Clinical Outcome and Cost-effectiveness of Reduced Noradrenaline by Using a Lower Blood Pressure Target in Patients With Cardiogenic Shock From Acute Myocardial Infarction (NORSHOCK)

February 23, 2023 updated by: J.P.S Henriques, Academisch Medisch Centrum - Universiteit van Amsterdam (AMC-UvA)

Rationale: Pump failure due to acute myocardial infarction (AMI) can lead to cardiogenic shock (CS): a state of low blood flow to end-organs with subsequent multi-organ failure that is associated with high mortality rated. The first line pharmacologic treatment strategy in CS is noradrenaline. This vasopressor drug is used to maintain adequate blood pressures. The assumption is that a mean arterial blood pressure (MAP) ≥ 65 mmHg will improve flow and thereby tissue perfusion of myocardium and other tissues (e.g. renal). However, there is no evidence that an increase in MAP, if achieved by noradrenaline, leads to greater end-organ blood flow and better outcomes.

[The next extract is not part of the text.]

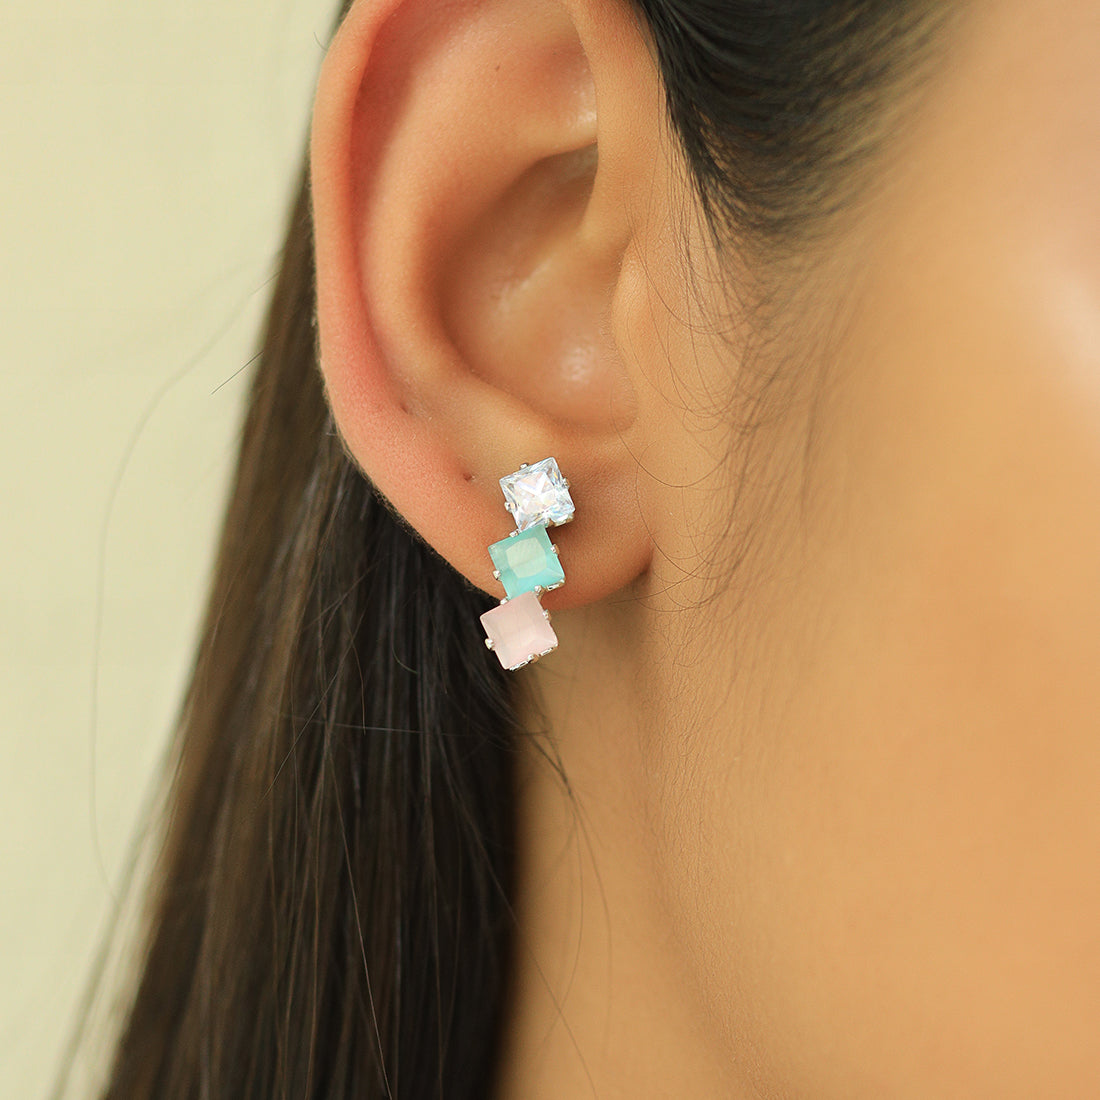 Triple Stone Stud Earring - Pink, Blue, Diamond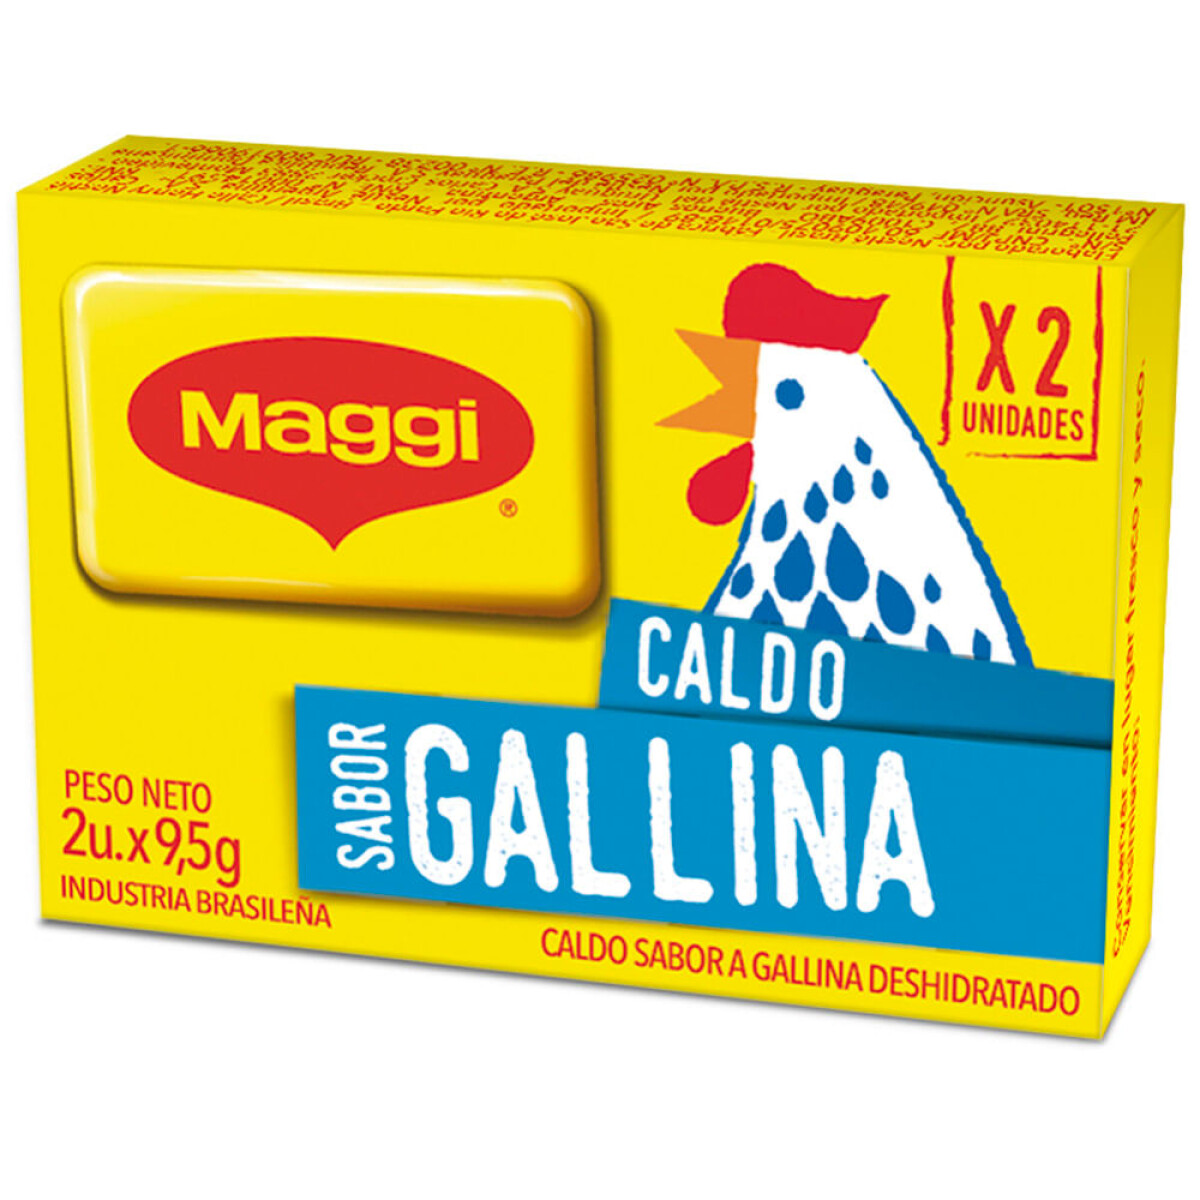 CALDO DE GALLINA MAGGI X 2

Objective: With this study the investigators aim to investigate the (cost-)effectiveness of reduced noradrenaline in patients with CS by using a lower MAP target of ≥ 55 mmHg, compared to ≥ 65 mmHg. The investigators hypothesize that reduced use of noradrenaline will improve overall survival and decrease renal failure requiring renal replacement therapy.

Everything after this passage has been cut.